- **Stored data**:
########
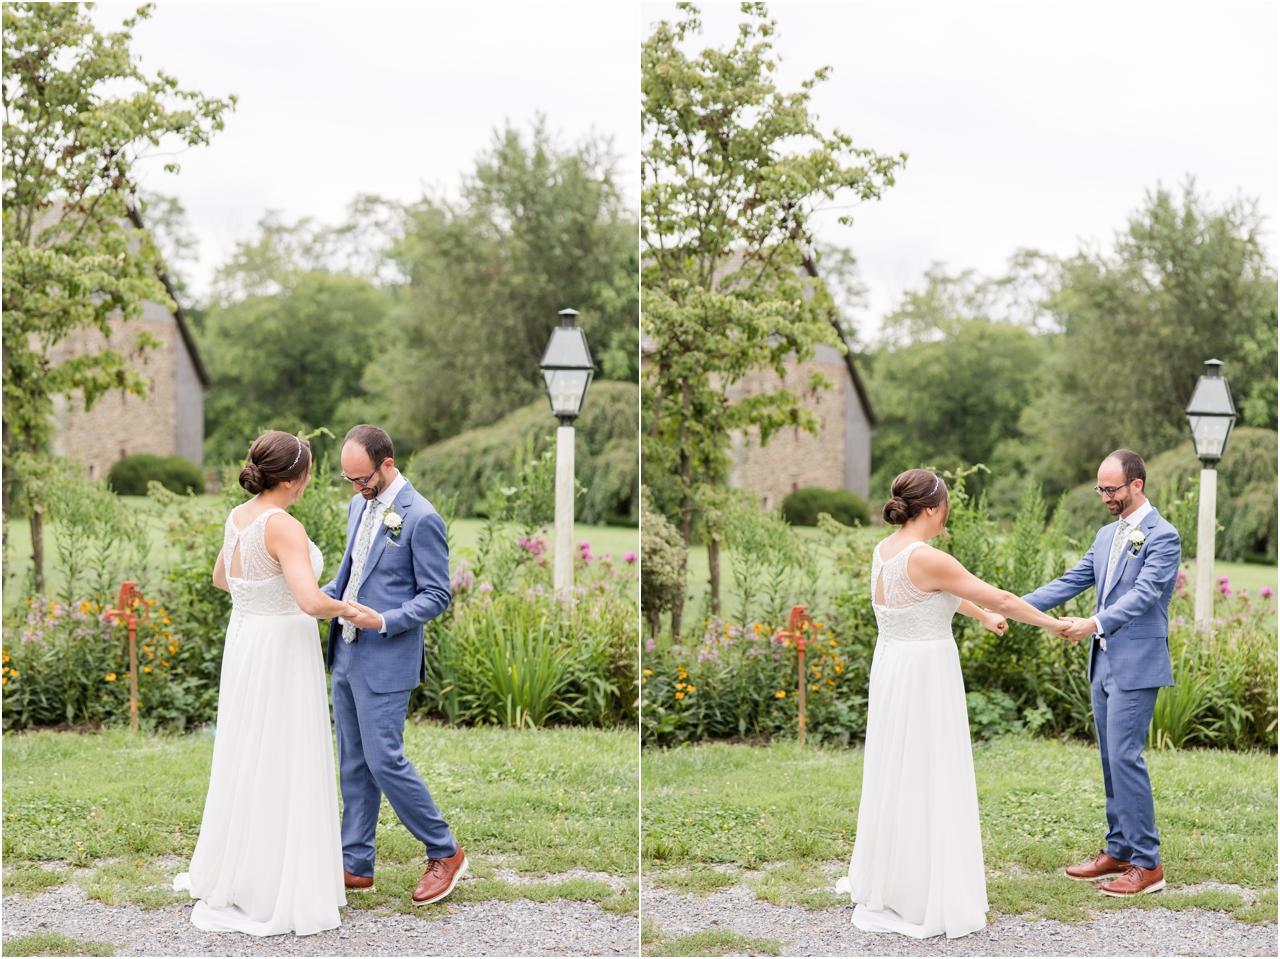 Sylvanside_Farm_Wedding_009
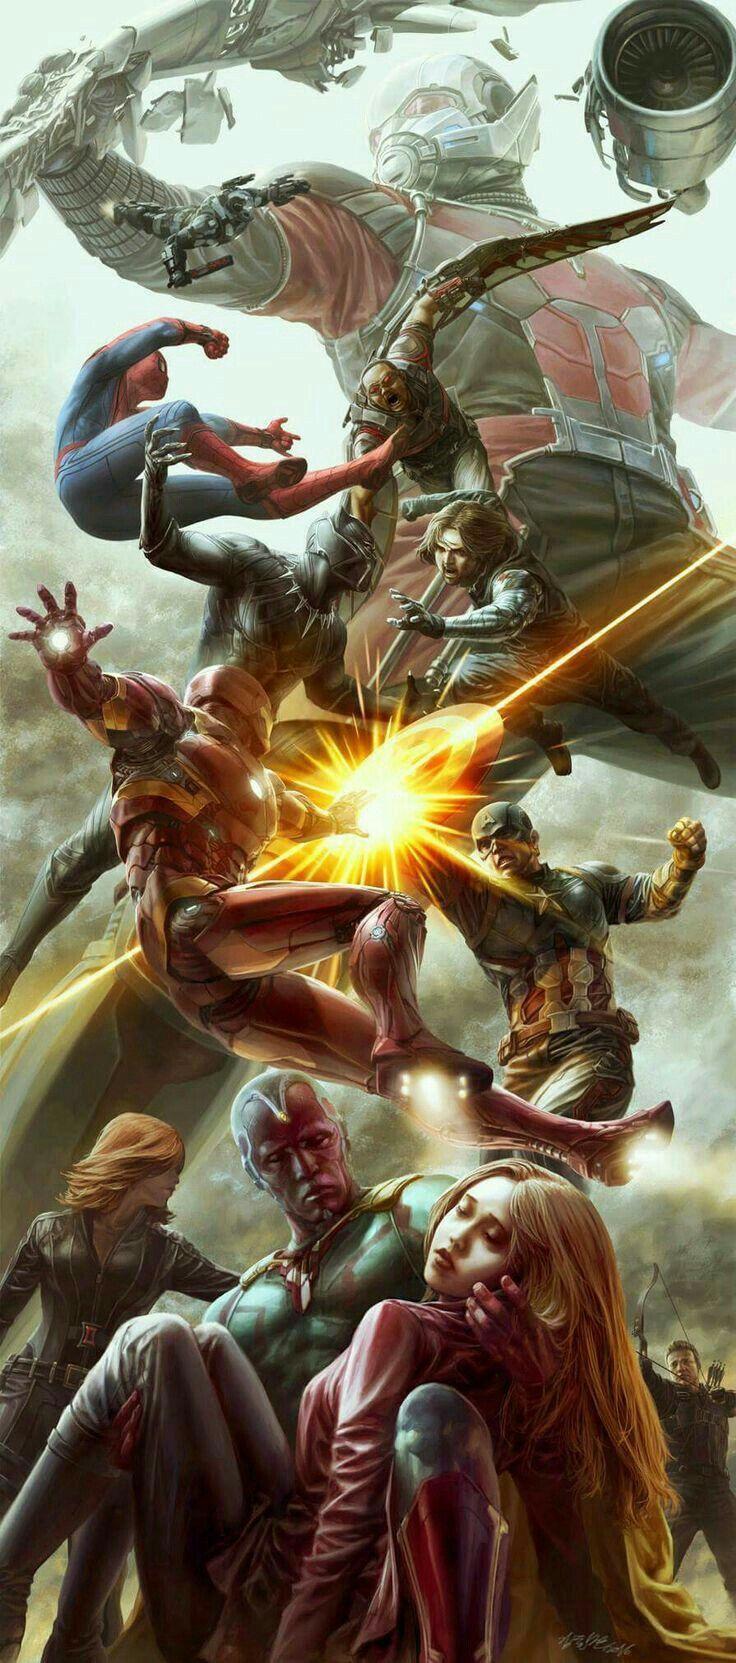 Os Vingadores, avante pra porrada!
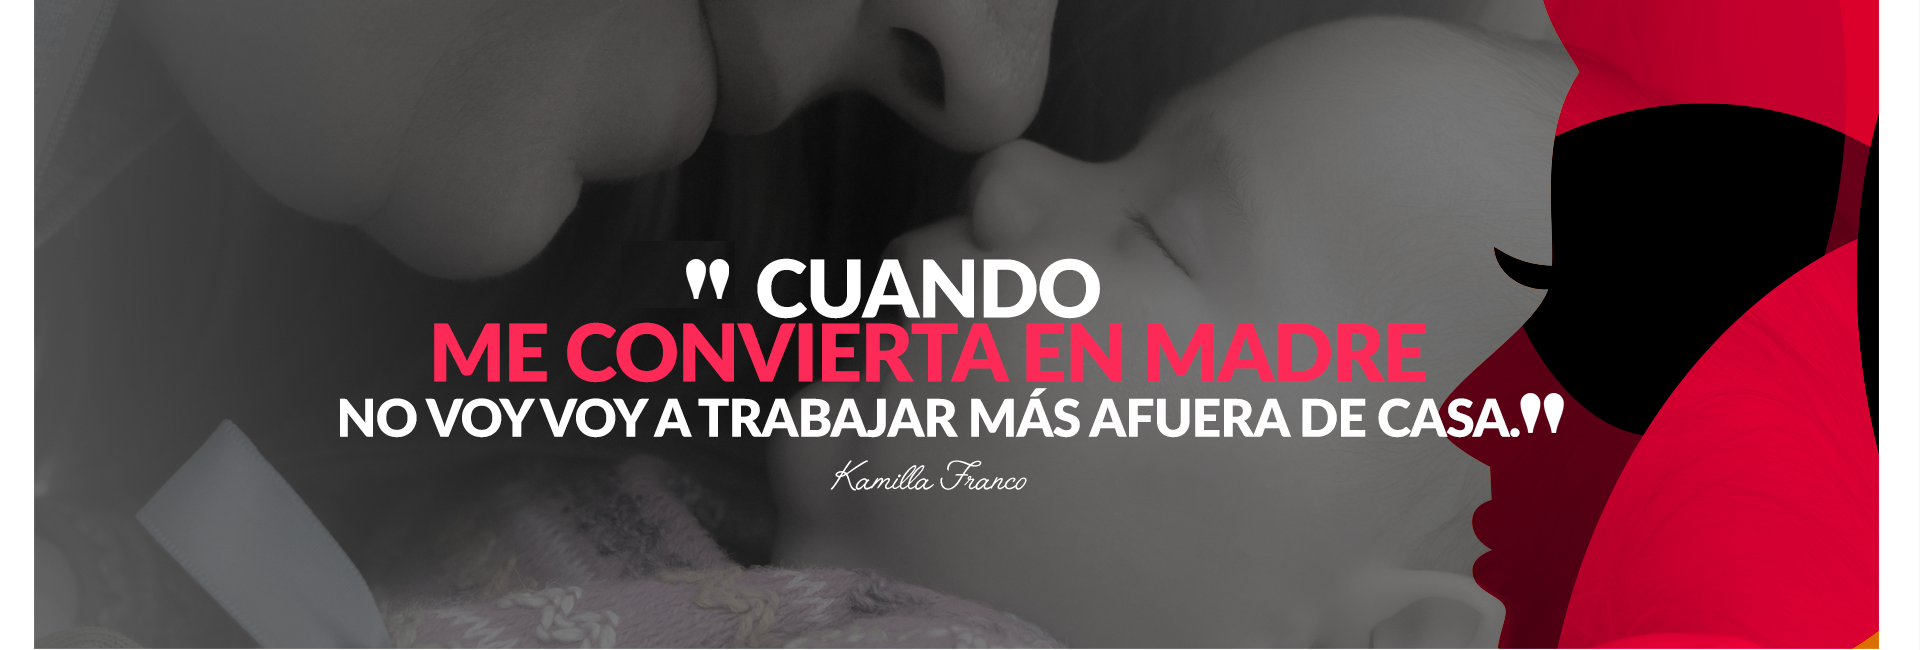 Kamilla Franco: Ser madre hizo que me convirtiera en freelancer
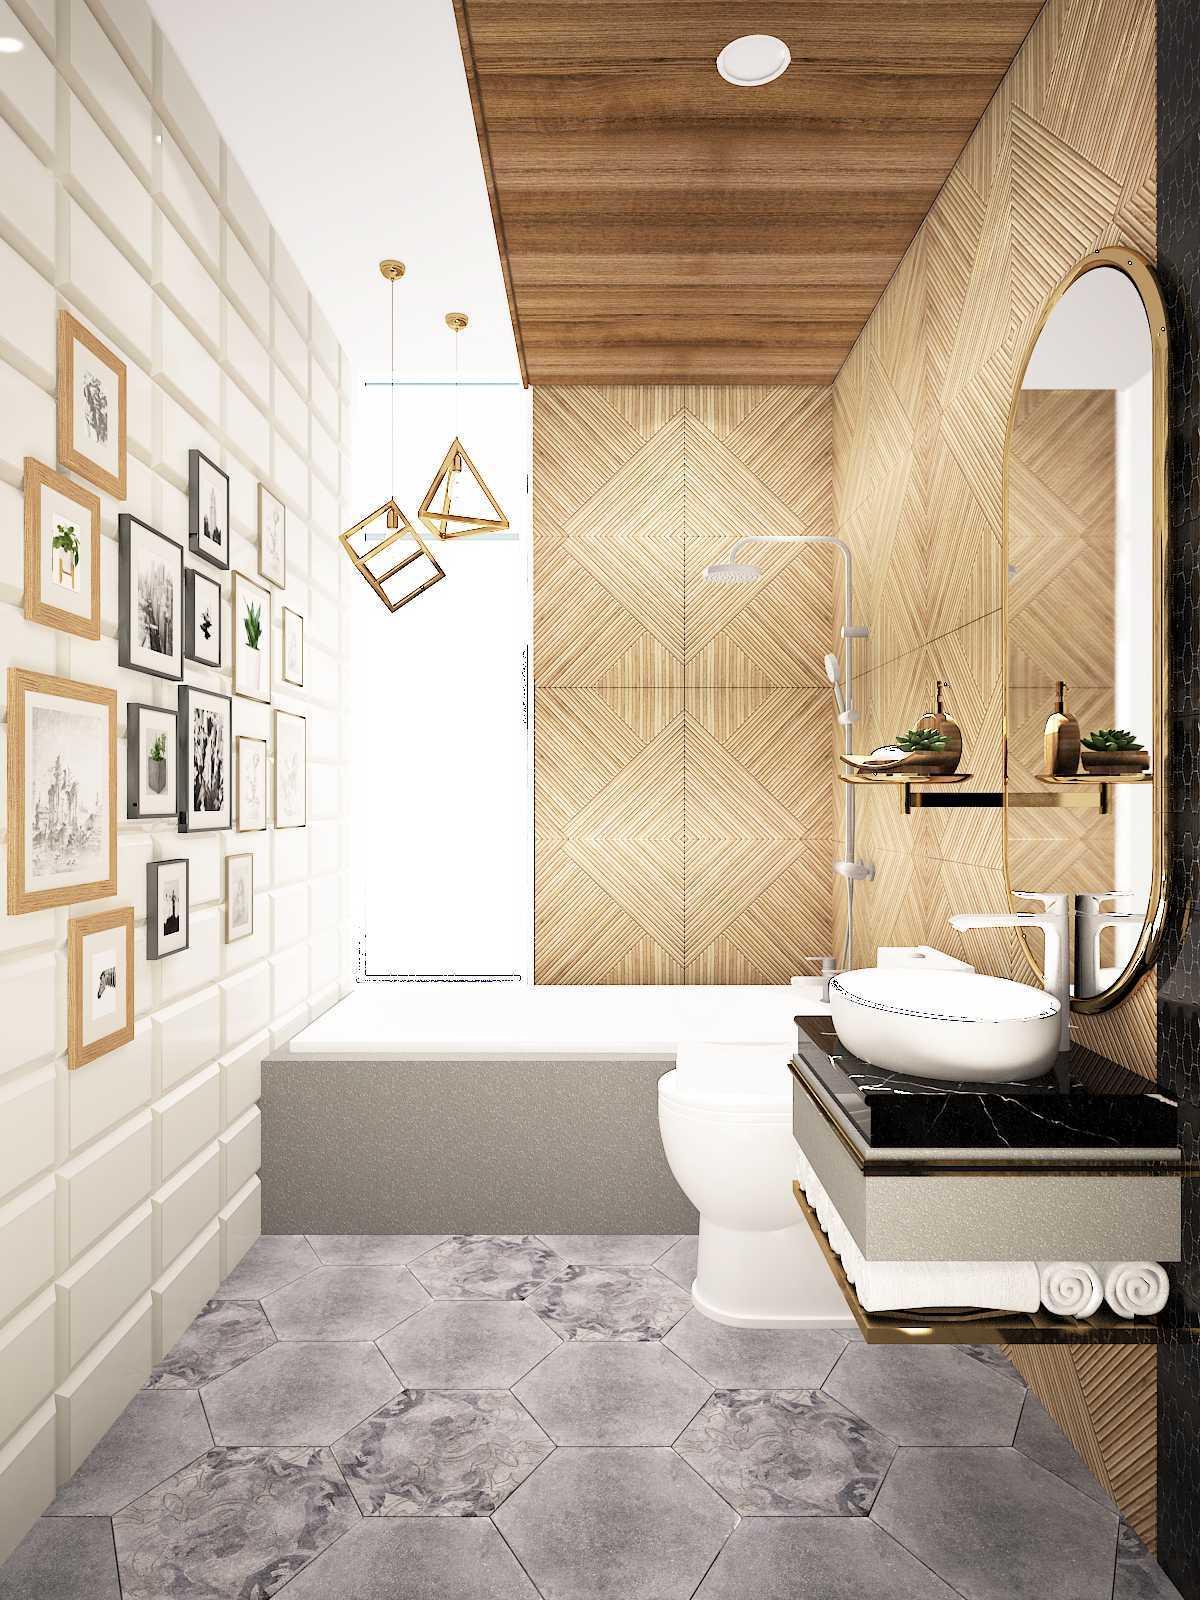 "Arianiz Studio Mr. Royan Bathroom Bukit Sari Jl. Ki Mangunsarkoro No.16, Karangkidul, Kec. Semarang Tengah, Kota Semarang, Jawa Tengah 50241, Indonesia Jl. Ki Mangunsarkoro No.16, Karangkidul, Kec. Semarang Tengah, Kota Semarang, Jawa Tengah 50241, Indonesia Arianiz-Studio-Man-Bathroom  <P>R - ""man"" Bathroom</p> <P>Luas Area : 10 M2</p> 119941"
########
- **Brief**:
Set the entire listing down again, exact in every line, without any pictures.

- **Finished task**:
 Sylvanside_Farm_Wedding_009
 Os Vingadores, avante pra porrada!
 Kamilla Franco: Ser madre hizo que me convirtiera en freelancer
 "Arianiz Studio Mr. Royan Bathroom Bukit Sari Jl. Ki Mangunsarkoro No.16, Karangkidul, Kec. Semarang Tengah, Kota Semarang, Jawa Tengah 50241, Indonesia Jl. Ki Mangunsarkoro No.16, Karangkidul, Kec. Semarang Tengah, Kota Semarang, Jawa Tengah 50241, Indonesia Arianiz-Studio-Man-Bathroom  <P>R - ""man"" Bathroom</p> <P>Luas Area : 10 M2</p> 119941"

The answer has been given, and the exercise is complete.